Large result sets impose significant database server resources and because a database is a highly concurrent environment, it might hinder availability and scalability
Tables tend to grow in size and a moderate result set might easily turn into a very large one. This kind of situation happens in production systems, long after the application code was shipped. Because users can only browse a relatively small portion of the whole result set, pagination is a more scalable data fetching alternative
The overly common offset paging is not suitable for large result sets (because the response time increases linearly with the page number) and you should consider keyset pagination when traversing large result sets. The keyset pagination offers a constant response time insensitive to the relative position of the page being fetched
Even for batch processing jobs, it’s always safer to restrict processing items to a moderate batch size.
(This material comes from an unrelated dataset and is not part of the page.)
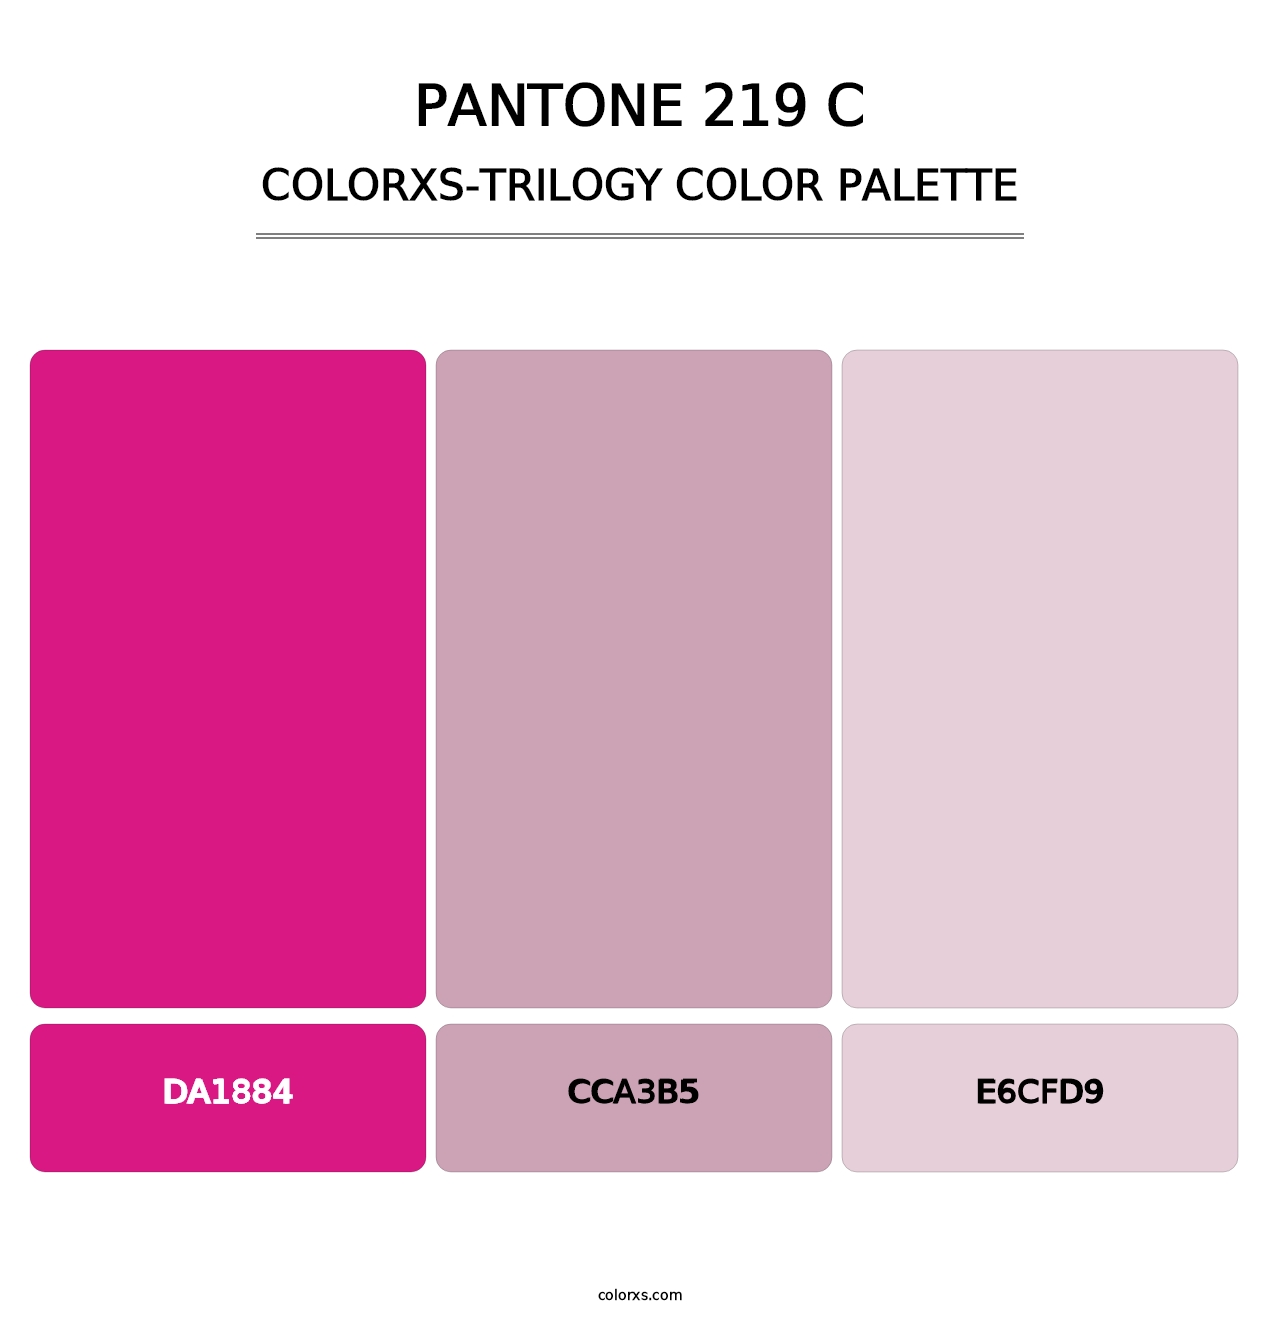 PANTONE 219 C - Colorxs Trilogy Palette

Large batches can lead to memory issues or cause long-running transactions, which increase the undo/redo transaction log size

Testing time

Our domain entity model looks like this:

The following test will be use for validating various result set fetching behaviors:

@Test
public void testFetchSize() {
    doInTransaction(session -> {
        int batchSize = batchSize();
        for(int i = 0; i < itemsCount(); i++) {
            Post post = new Post(String.format(
                "Post no. %d", i));
            int j = 0;
            post.addComment(new Comment(
                    String.format(
                "Post comment %d:%d", i, j++)));
            post.addComment(new Comment(
                    String.format(
                "Post comment %d:%d", i, j++)));
            session.persist(post);
            if(i % batchSize == 0 && i > 0) {
                session.flush();
                session.clear();
            }
        }
    });
 
    long startNanos = System.nanoTime();
    LOGGER.info("Test fetch size");
    doInTransaction(session -> {
        List posts = session.createQuery(
            "select p " +
            "from Post p " +
            "join fetch p.comments ")
        .list();
        LOGGER.info("{}.fetched {} entities",
            getClass().getSimpleName(),
            posts.size());
 
    });
    LOGGER.info("{}.testFetch took {} millis",
        getClass().getSimpleName(),
        TimeUnit.NANOSECONDS.toMillis(
            System.nanoTime() - startNanos
    ));
}

To configure Hibernate to use an explicit Statement fetchSize, we need to set the following Hibernate property:

1	`properties.put("hibernate.jdbc.fetch_size", fetchSize());`

Every test will insert 5000 Post entities, each one having 2 Comments.

One commercial database

The first tests are run against a commercial database with the following results:

Fetch Size	Duration [millis]
1	1190
10	640
100	481
1000	459
10000	449
Default (10)	545

The larger the fetch size, the less round trips are required for fetching the whole result set. If the returned rows contain many columns, a larger fetch size would require proportionally larger database buffers.

PostgreSQL

The second test round is run against PostgreSQL 9.4 with the following results:

Fetch Size	Duration [millis]
1	1181
10	572
100	485
1000	458
10000	437
Default (all)	396

The default fetch size yields the best result, even when the fetchSize is equal to the total number of rows being returned. Since there is no upper-bound buffer limit, the default fetch size can cause OutOfMemoryError issues when retrieving large result sets.

Conclusion

While most database serves don’t impose a default upper limit for the result set fetch size, it’s a good practice to limit the whole result set (if requirements allow it). A limited size result set should address the unbounded fetch size shortcoming, while ensuring predictable response times even when the queried data grows gradually. The shorter the queries, the quicker the row-level locks are released and the more scalable the data access layer becomes.